This topic describes how to use Spark SQL to perform data analysis and interactive development on the HBase data source.

CREATE TABLE syntax

CREATE TABLE tbName
USING hbase
OPTIONS(propertyName=propertyValue[,propertyName=propertyValue]*);

Parameters

Parameter Description Required
catalog The description of fields in an HBase data table, in JSON format. Yes
hbaseConfiguration The HBase configuration, in JSON format. For example, set the HBase endpoint to {"hbase.zookeeper.quorum":"a.b.c.d:2181"}. Yes
The following code provides an example of the catalog configuration for the schema of an HBase data table named table1:
{
  "table":{"namespace":"default", "name":"table1"},
  "rowkey":"key",
  "columns":{
    "col0":{"cf":"rowkey", "col":"key", "type":"string"},
    "col1":{"cf":"cf1", "col":"col1", "type":"boolean"},
    "col2":{"cf":"cf2", "col":"col2", "type":"double"},
    "col3":{"cf":"cf3", "col":"col3", "type":"float"},
    "col4":{"cf":"cf4", "col":"col4", "type":"int"},
    "col5":{"cf":"cf5", "col":"col5", "type":"bigint"},
    "col6":{"cf":"cf6", "col":"col6", "type":"smallint"},
    "col7":{"cf":"cf7", "col":"col7", "type":"string"},
    "col8":{"cf":"cf8", "col":"col8", "type":"tinyint"}
  }
}

Table schema

When you create an HBase data table, you do not need to explicitly define the fields in the data table.

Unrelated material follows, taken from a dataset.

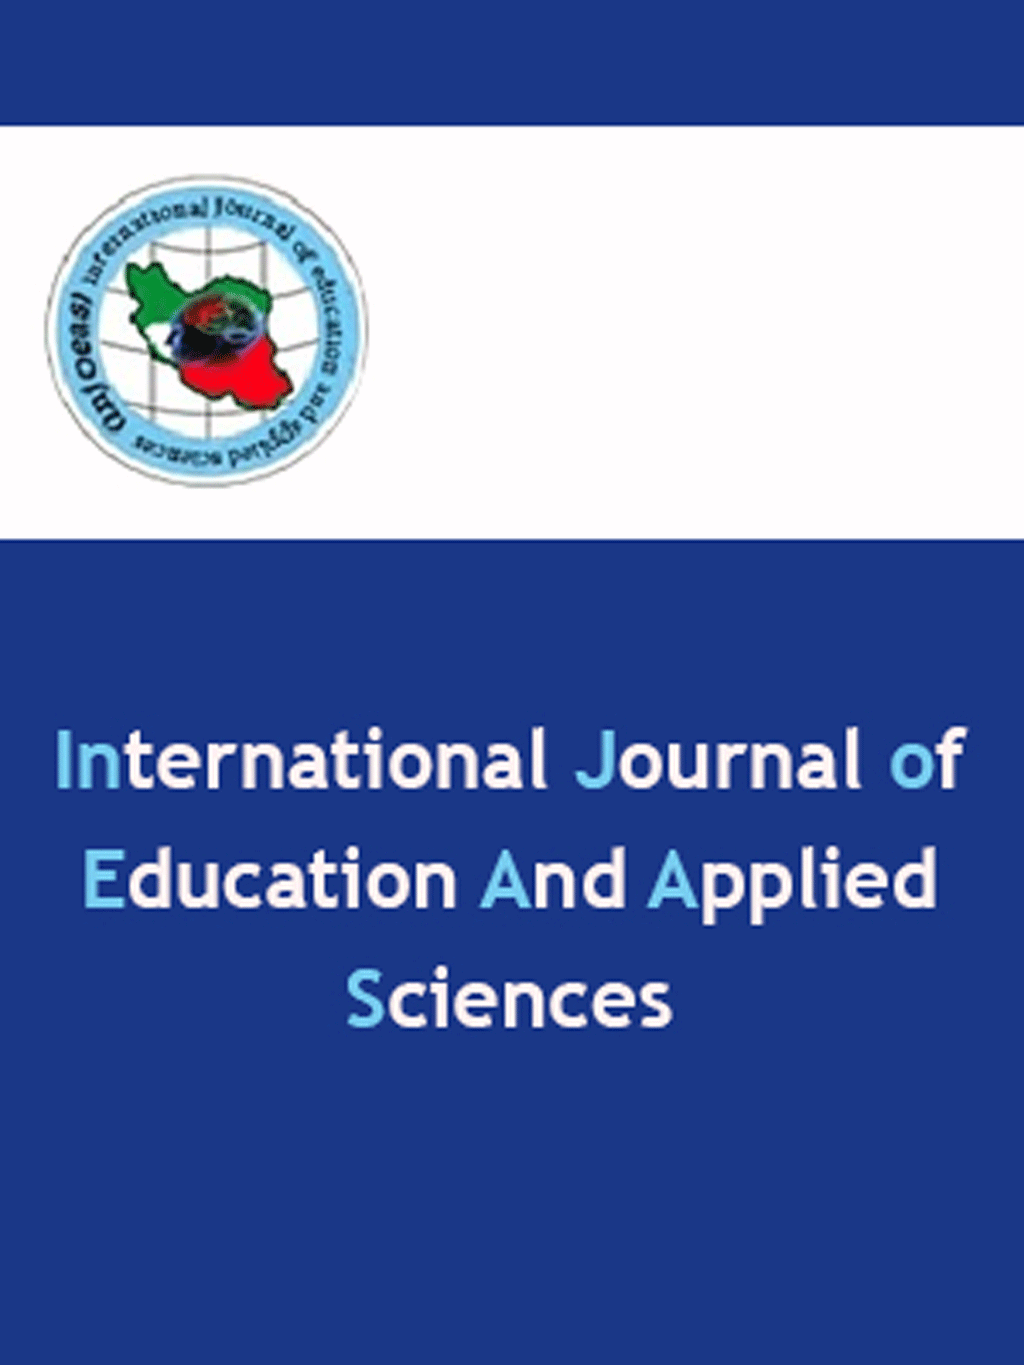 Education and Applied Sciences - October 2021, Volume 2 - Number 3

Example:
spark-sql> CREATE DATABASE IF NOT EXISTS default;
spark-sql> USE default;
spark-sql> DROP TABLE IF EXISTS hbase_table_test;
spark-sql> CREATE TABLE hbase_table_test
         > USING hbase
         > OPTIONS(
         > catalog='{"table":{"namespace":"default","name":"test"},"rowkey":"key", "columns":{"key":{"cf":"rowkey", "col":"key", "type":"string"},"data":{"cf":"info", "col":"data", "type":"string"}}}',
         > hbaseConfiguration='{"hbase.zookeeper.quorum":"a.b.c.d:2181"}');

spark-sql> DESC hbase_table_test;
key string  NULL
data  string  NULL
Time taken: 0.436 seconds, Fetched 2 row(s)